By those who failed to look. This celebratory tone, at odds with Krasznahorkai’s customary pessimism, reappears at the book’s conclusion in which, after Mrs Plauf’s brutal execution, her body is described (over several pages) decomposing in medically explicit detail, suggesting the hopeful notion that matter cannot be created nor destroyed. ‘Nothing remained and yet not one atom had been lost’. As with Helle’s burning chair, Krasznahorkai’s message seems to be that human beings will persist in their nature, until transformed into something else. Total oblivion is not a quality of the cosmos. The true melancholy of resistance, as seen with Helle’s striving narrator, is mankind’s persistent refusal to give up hope, or the stubborn determination Beckett saw as key to the human condition: You must go on. I can’t go on. I’ll go on. Both authors catch the authentic note of sadness; of endurance in the face of impossible odds, or as Krasznahorkai puts it in more baroque language:
. . . the continuous and hopeless expenditure of energy in the attempt to suggest that there might be some point to all this rather than be faced by the unyielding, indifferent, universal incomprehensibility of things; intolerable too the inexplicable ground-rules of human conduct. No amount of screaming would have helped us find a chink in the enormous armour of silence that slowly descended on us, so we proceeded without a word, hearing only the scrape and rumble of our own progress over the crisp and brilliant sharp frost, unstoppable and tense to the point of snapping, down those dark airless streets, seeing no one else, never stopping to look at each other, or if we did, only to note a hand or a foot, for we were a single body with one single pair of eyes . . .

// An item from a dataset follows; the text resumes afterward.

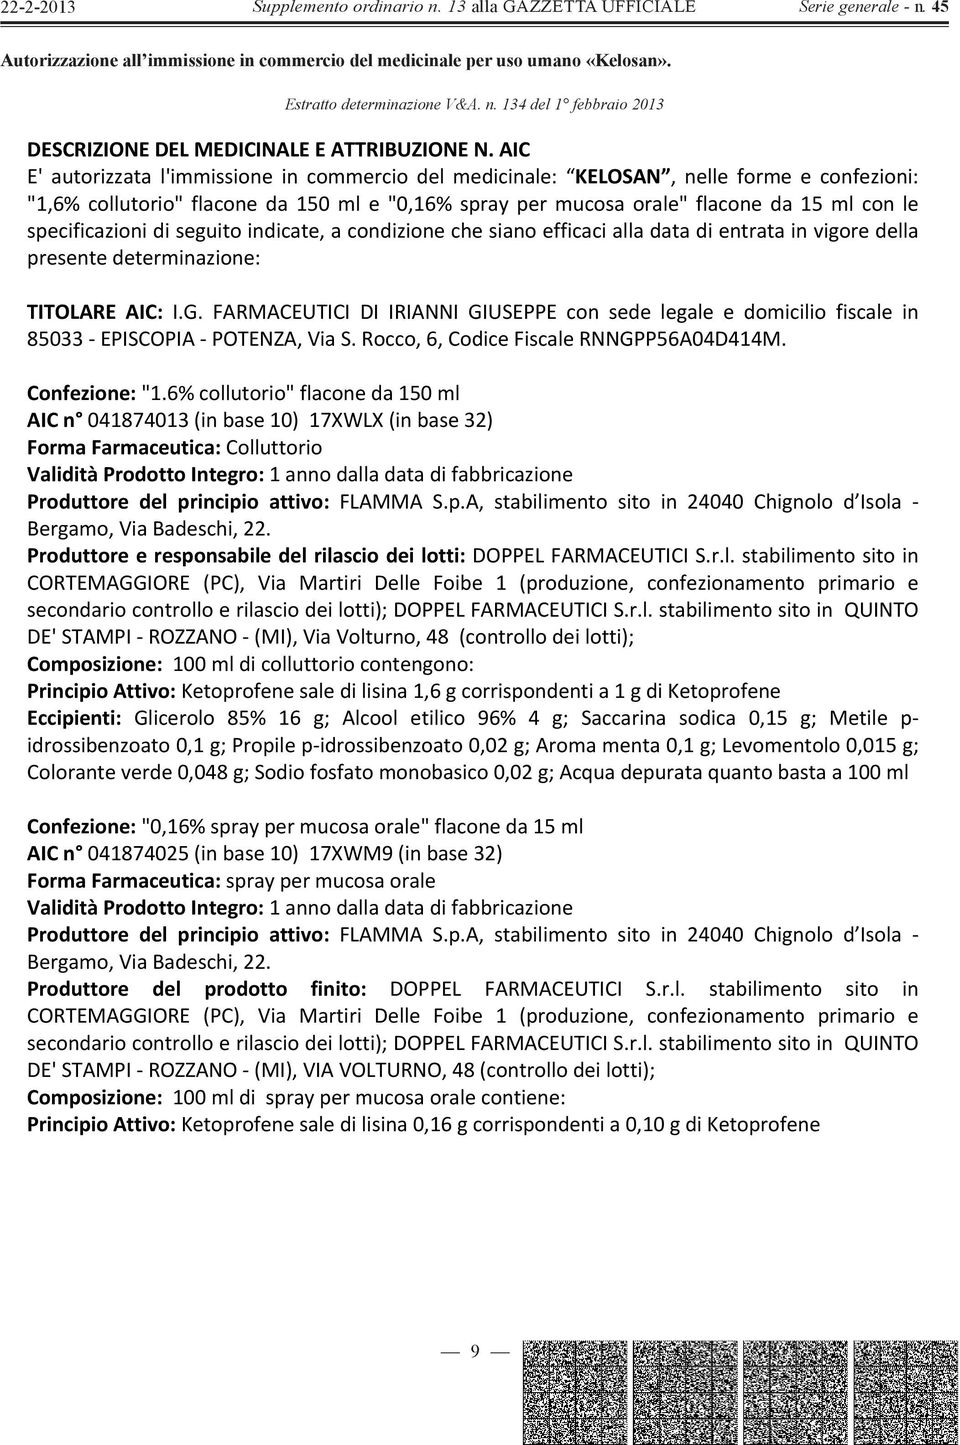 specificazionidiseguitoindicate,acondizionechesianoefficacialladatadientratainvigoredella presentedeterminazione: TITOLARE AIC: I.G.

Here, the merging of the viewpoint into a singularity recalls Helle and the five friends becoming a ‘single will distributed among several bodies’. The above lengthy quotations also illustrate Krasznahorkai’s most discussed stylistic quality: his endless, serpentine sentences, crammed with clause after sub-clause, encompassing many moods, even whole stories. The novel’s translator, the renowned Hungarian poet George Szirtes, described the author’s writing as ‘a slow lava flow of narrative, a vast river of type’. The experience of reading Krasznahorkai’s rolling, pelagic sentences (all set down without the interruption of paragraph breaks) is both daunting and exhilarating – taking the reader further up the shore of understanding with every swelling construction, but never quite depositing them on the beach of clarity. There is inevitably something tantalisingly opaque and ineffable about what has actually been said. The Melancholy of Resistance is a demanding, complex, mesmerising read – quite unlike anything else in the European canon. Yet amid the linguistic grandstanding and Swiftian disgust, Krasznahorkai displays a tender pathos and affection for his human actors. While he’s satirical and playful with the hapless Mrs Plauf, there’s also an attention to her human frailty as she comfort eats a jar of ‘boiled cherries in rum’ in front of the TV (an image stunningly returned to three hundred pages later, after the conflagrations and philosophical fireworks are finally spent). Emblematic of the struggling everyman in Krasznahorkai’s fiction, Mrs Plauf is finally a ‘simple woman . . . who dared to resist those whom none of us opposed.’